Exercise details.
Transcribe all data verbatim. Skip the pictures.

Given material.
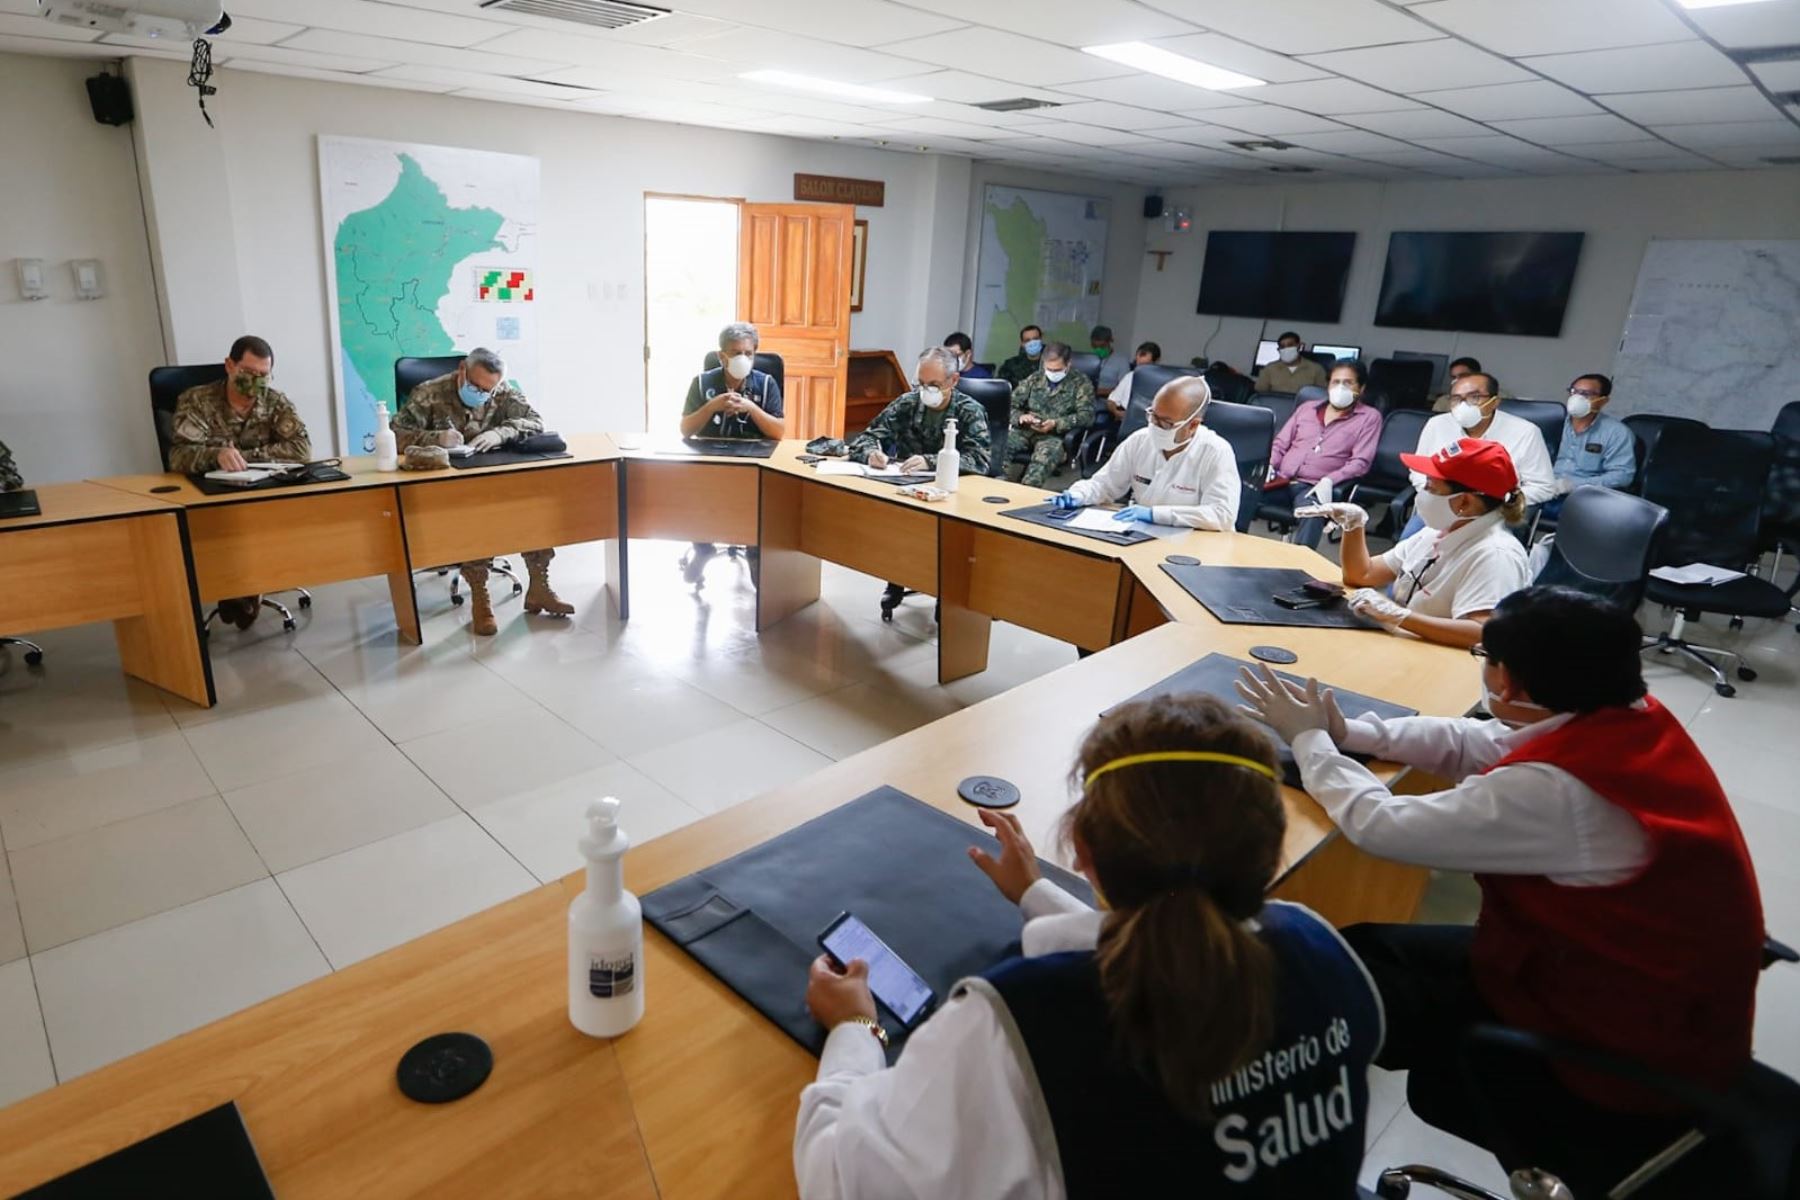 Peru Health Min visits Loreto region to monitor COVID-19 response measures
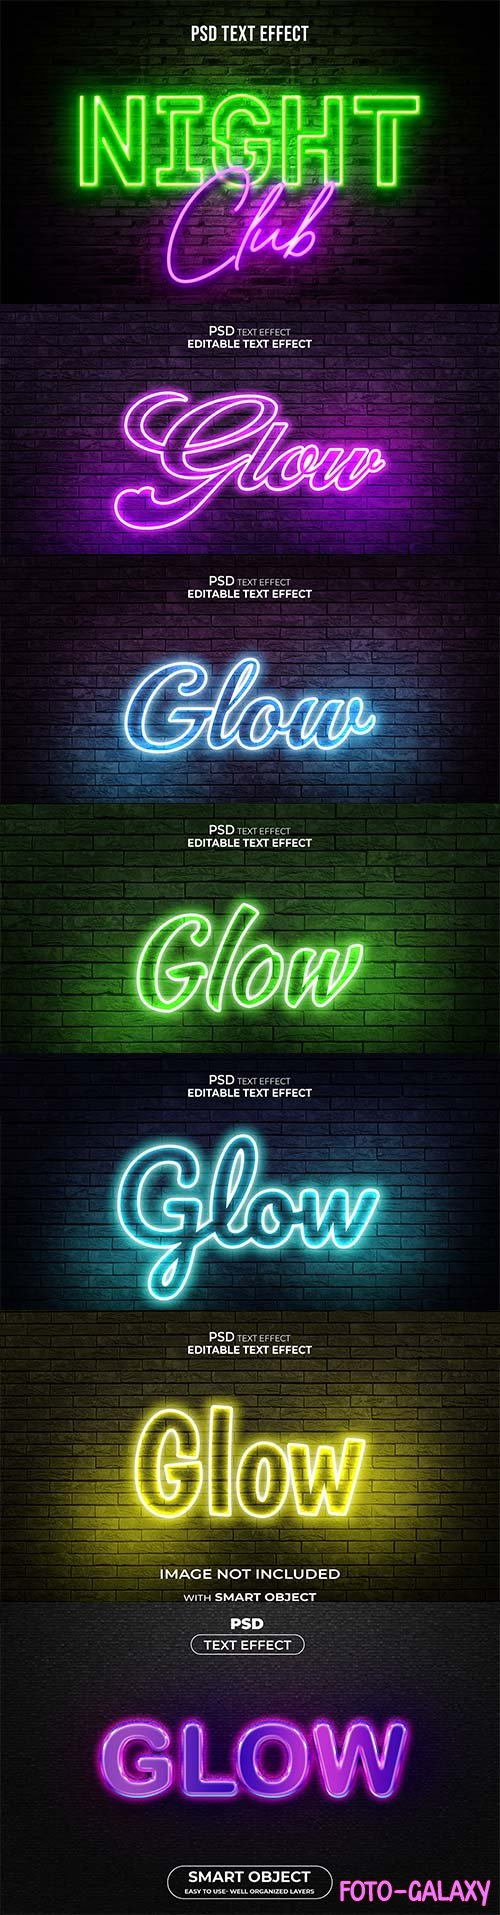 Glow text effect premium psd
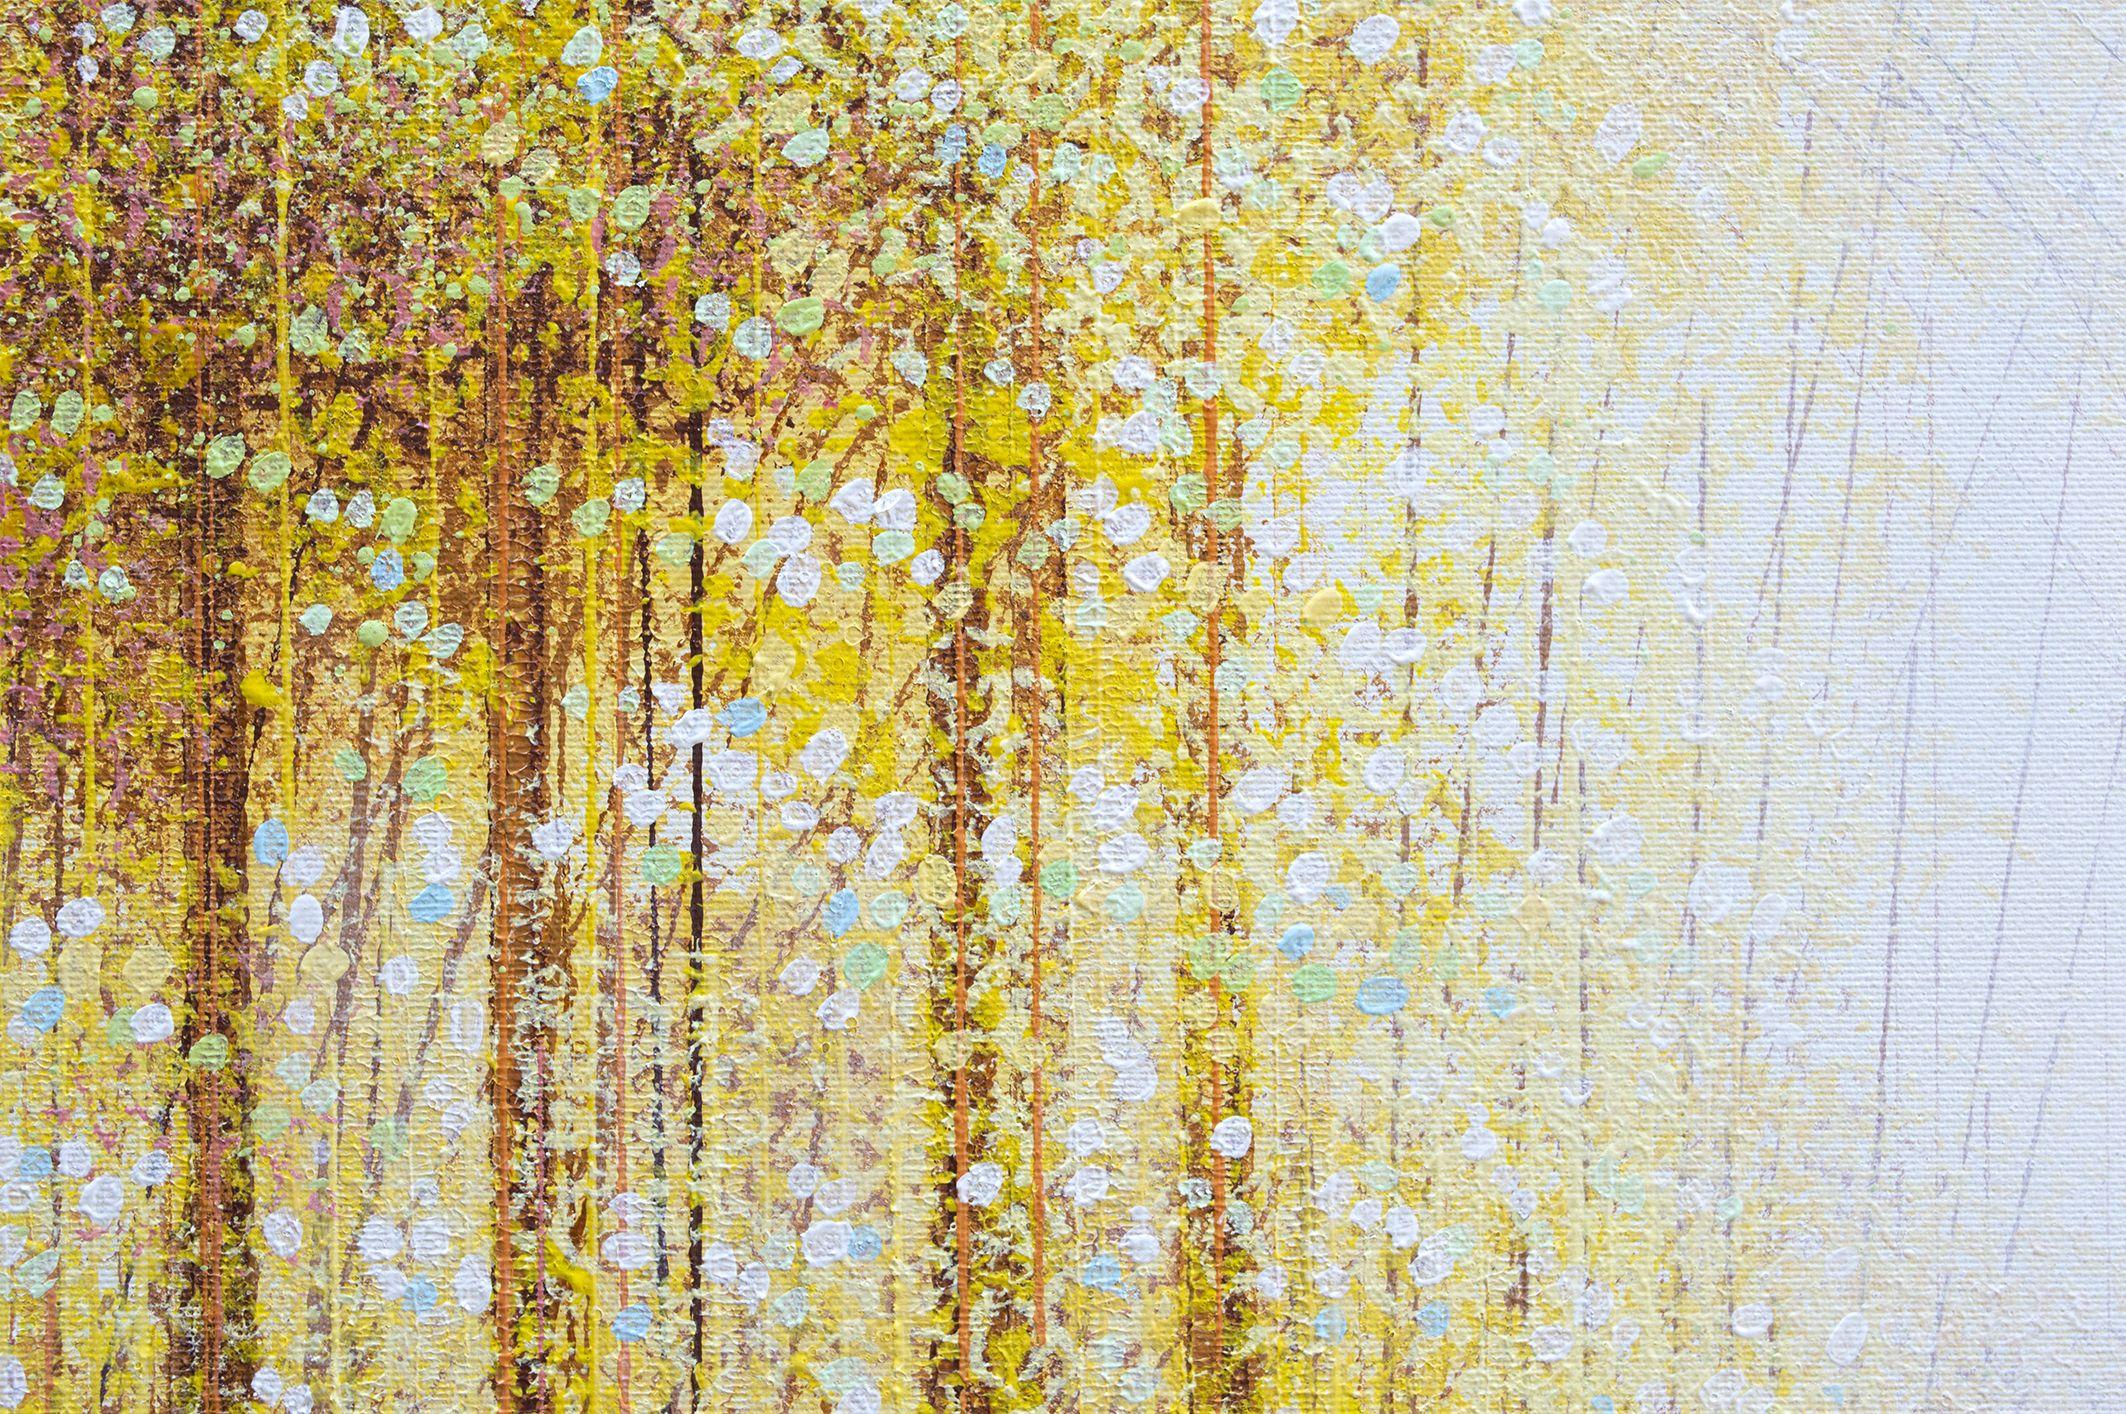 Autumn Trees In Golden Light, Painting, Acrylic on Canvas 1

Answer area.
 Peru Health Min visits Loreto region to monitor COVID-19 response measures
 Glow text effect premium psd
 Autumn Trees In Golden Light, Painting, Acrylic on Canvas 1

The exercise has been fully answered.